Forward Looking Statements

This press release contains forward looking statements within the meaning of the Private Securities Litigation Reform Act of 1995 and other securities laws. The forward looking statements are subject to various known and unknown risks, uncertainties and other factors. When the Company uses words such as “believes,” “expects,” “anticipates,” “estimates,” “plans” or similar expressions, the Company is making forward looking statements. Although the Company believes that its forward looking statements are based on reasonable assumptions, its expected results may not be achieved, and actual results may differ materially from its expectations. For example:

  • This press release states that the Company anticipates paying the Fourth Quarter Distribution and the “catch-up” distribution prior to the end of 2014. The timing of these distributions, which may or may not occur, may be affected factors beyond the Company’s control.

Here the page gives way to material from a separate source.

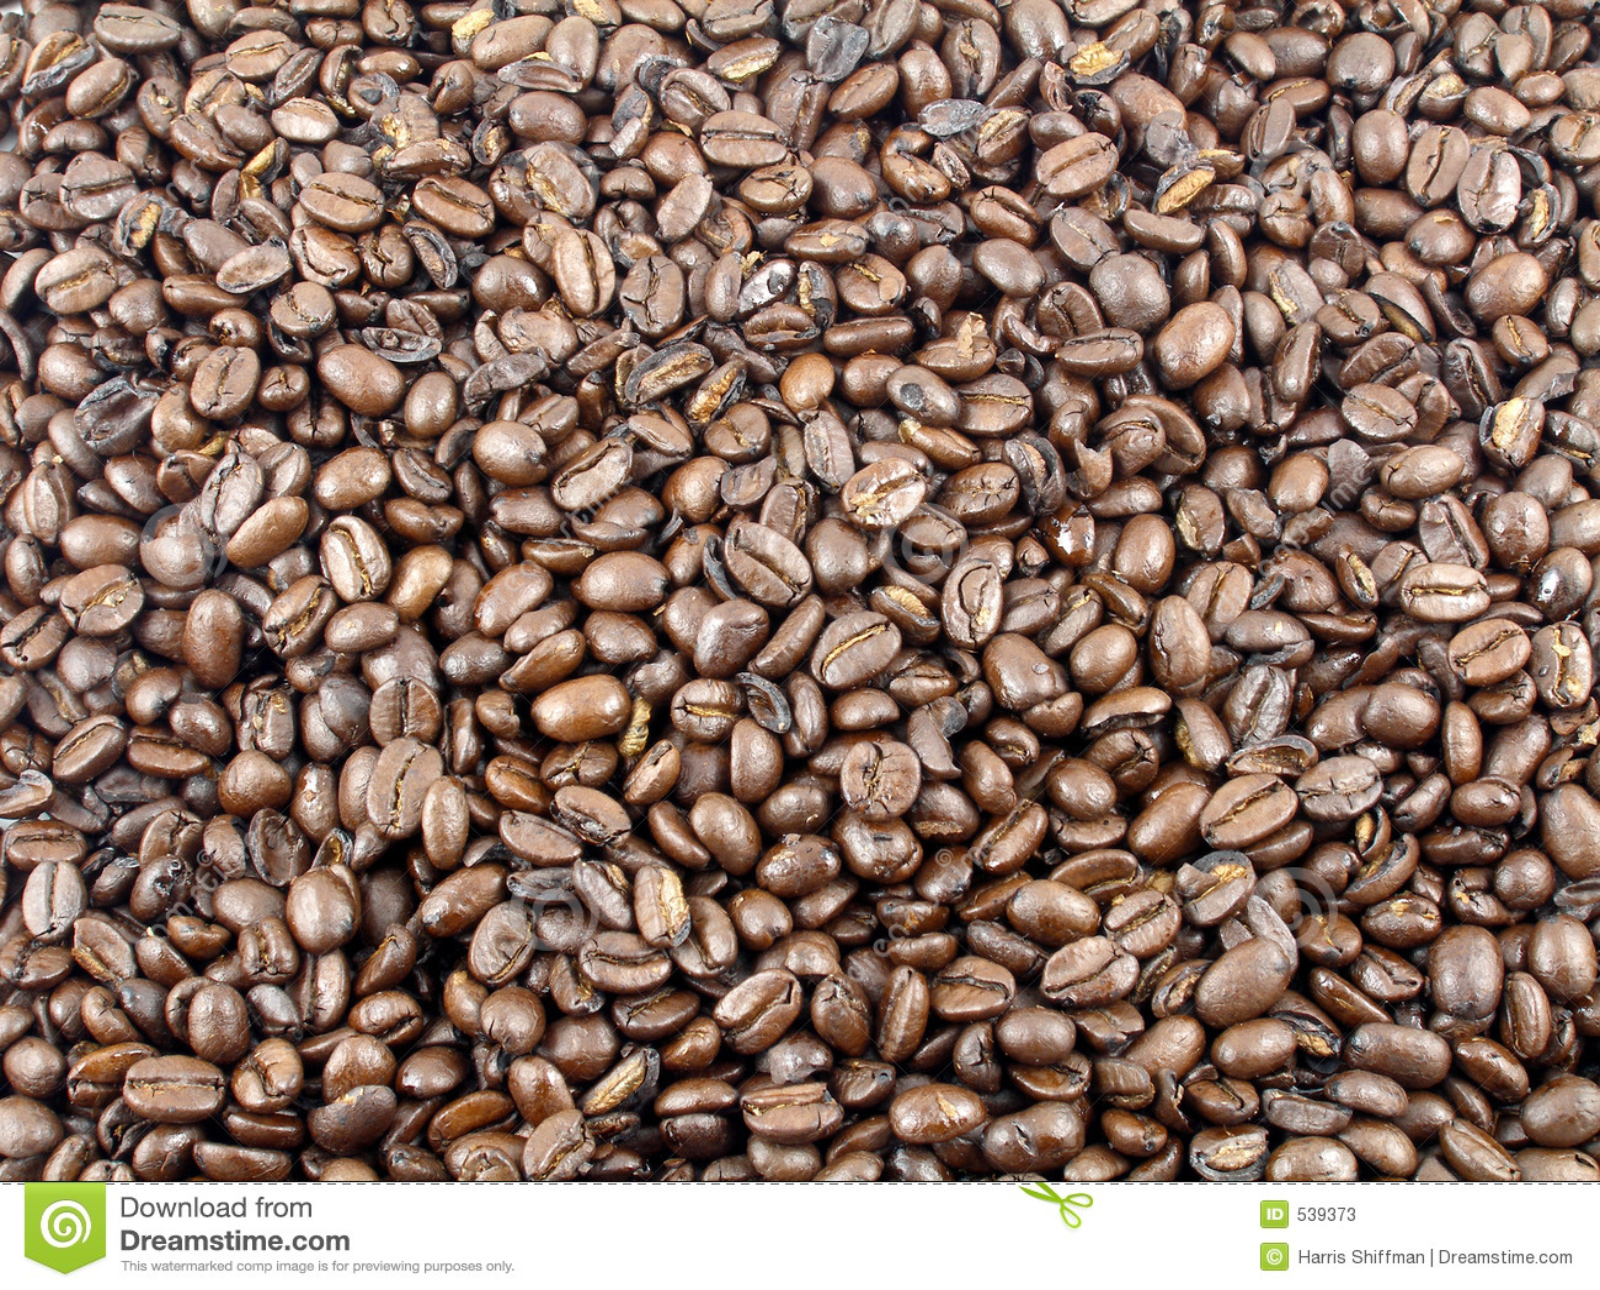 Download 豆咖啡 库存图片. 图片 包括有 全部, browne, 背包, 上等咖啡, 饮料, java, 纹理, 咖啡 - 539373
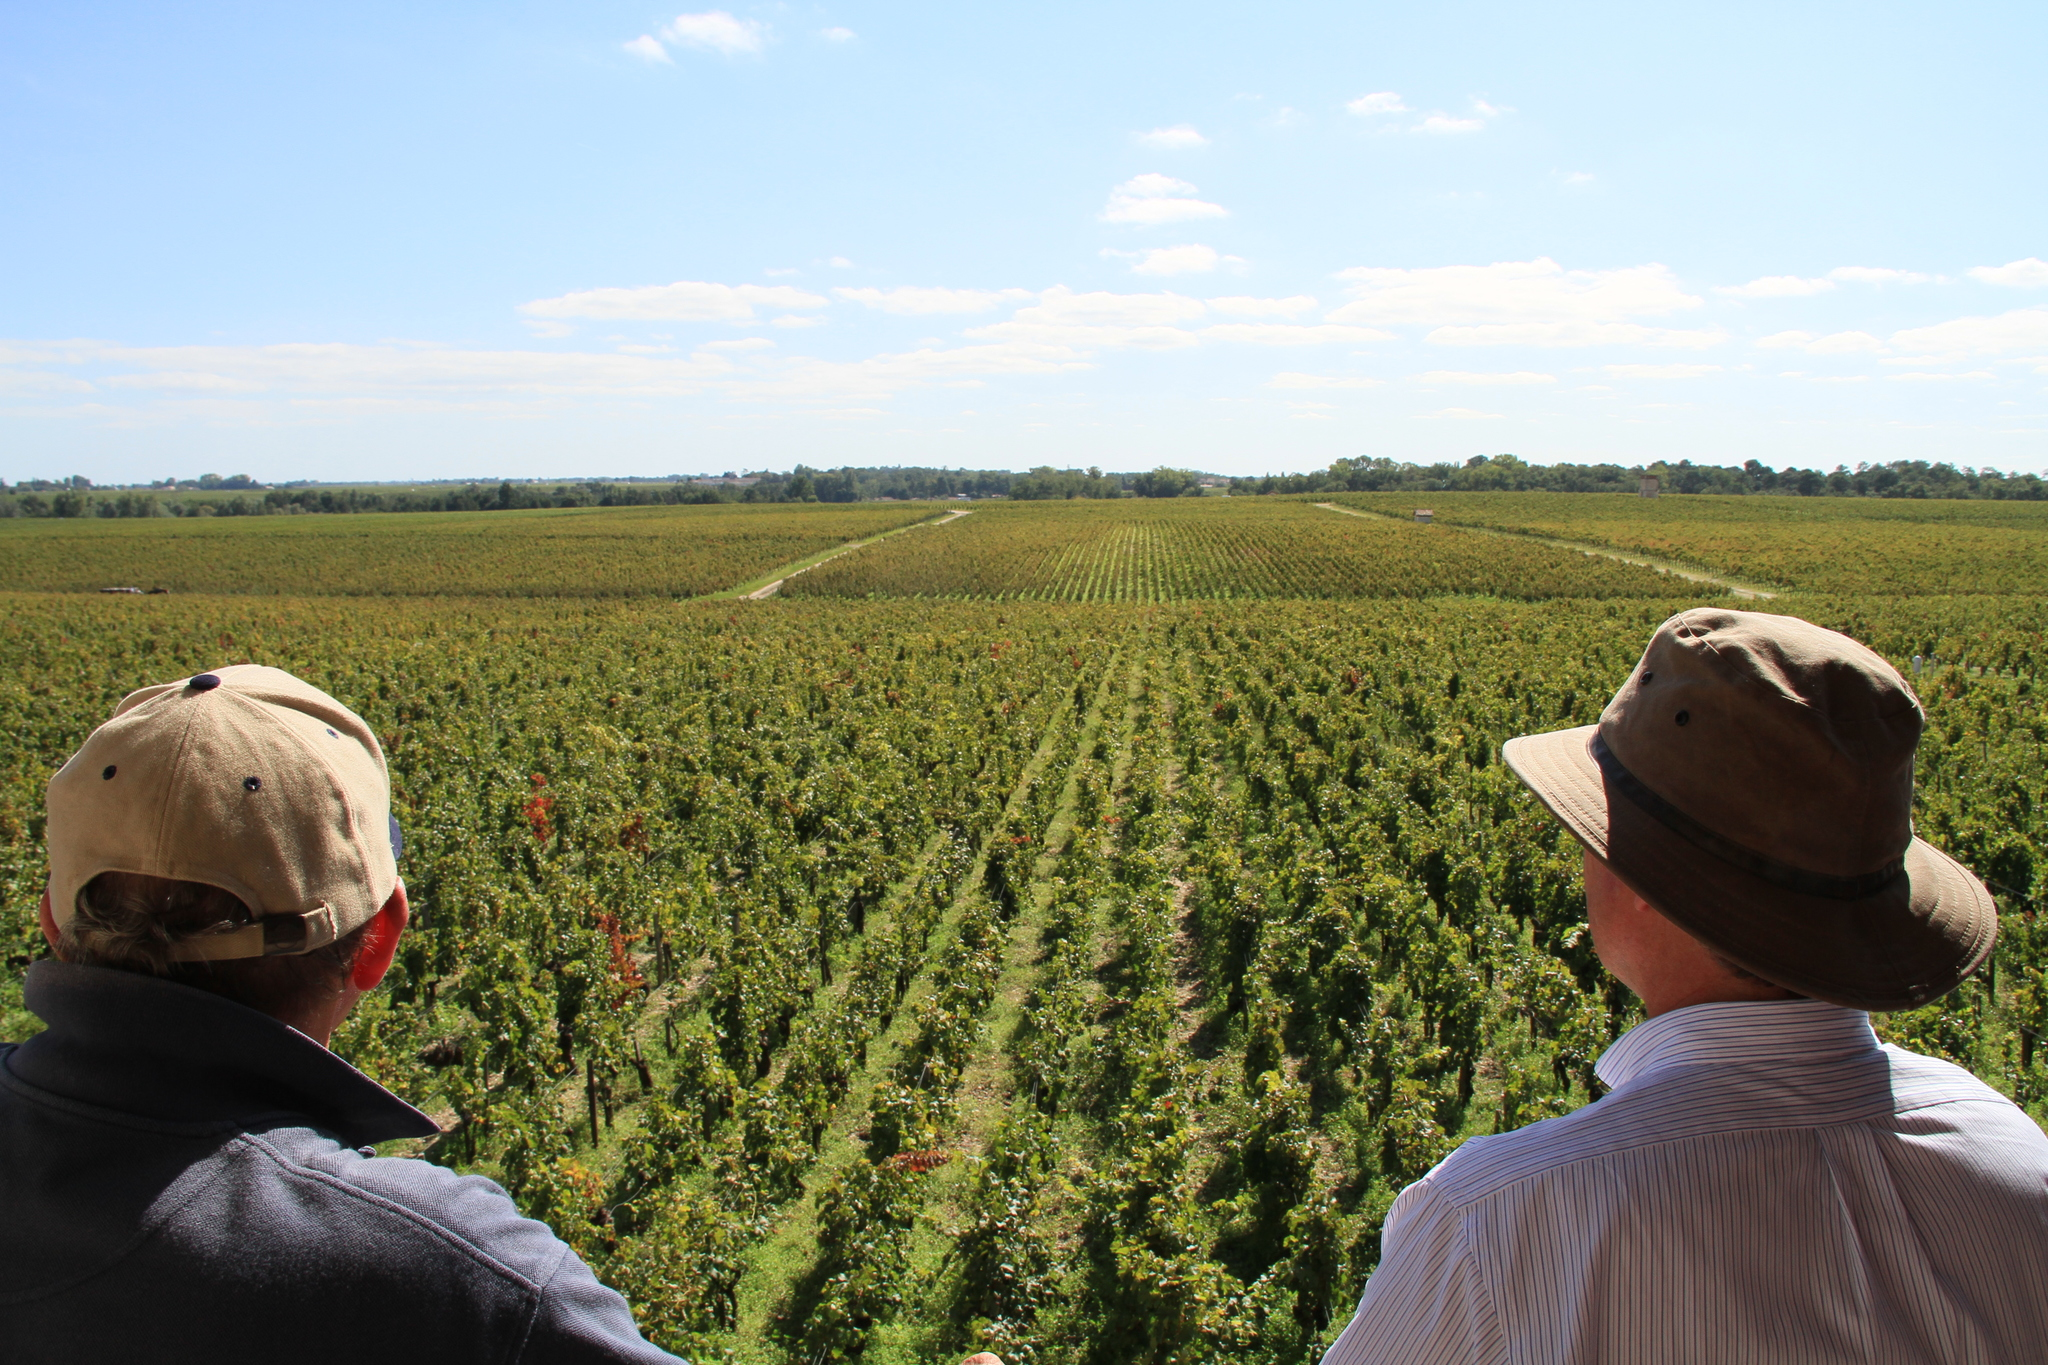 Still of The Vines in Pamisimas del vyno (2013)

The Company’s forward looking statements should not be relied upon except as statements of the Company’s present intentions and of the Company’s present expectations, which may or may not occur. Cautionary statements should be read as being applicable to all forward looking statements wherever they appear. Except as required by law, the Company undertakes no obligation to release publicly the result of any revision to these forward looking statements that may be made to reflect events or circumstances after the date hereof or to reflect the occurrence of unanticipated events. Readers are also urged to carefully review and consider the various disclosures the Company has made in the Company’s filings with the Securities and Exchange Commission (the “SEC”), including the sections “Risk Factors” and “Cautionary Note Regarding Forward Looking Statements,” as applicable, in the Company’s Annual Report on Form 10-K for the year ended December 31, 2013 filed with the SEC on February 28, 2014, the Company’s Current Report on Form 8-K filed with the SEC on May 5, 2014, and the Company’s Quarterly Report on Form 10-Q for the quarter ended June 30, 2014 filed with the SEC on July 31, 2014.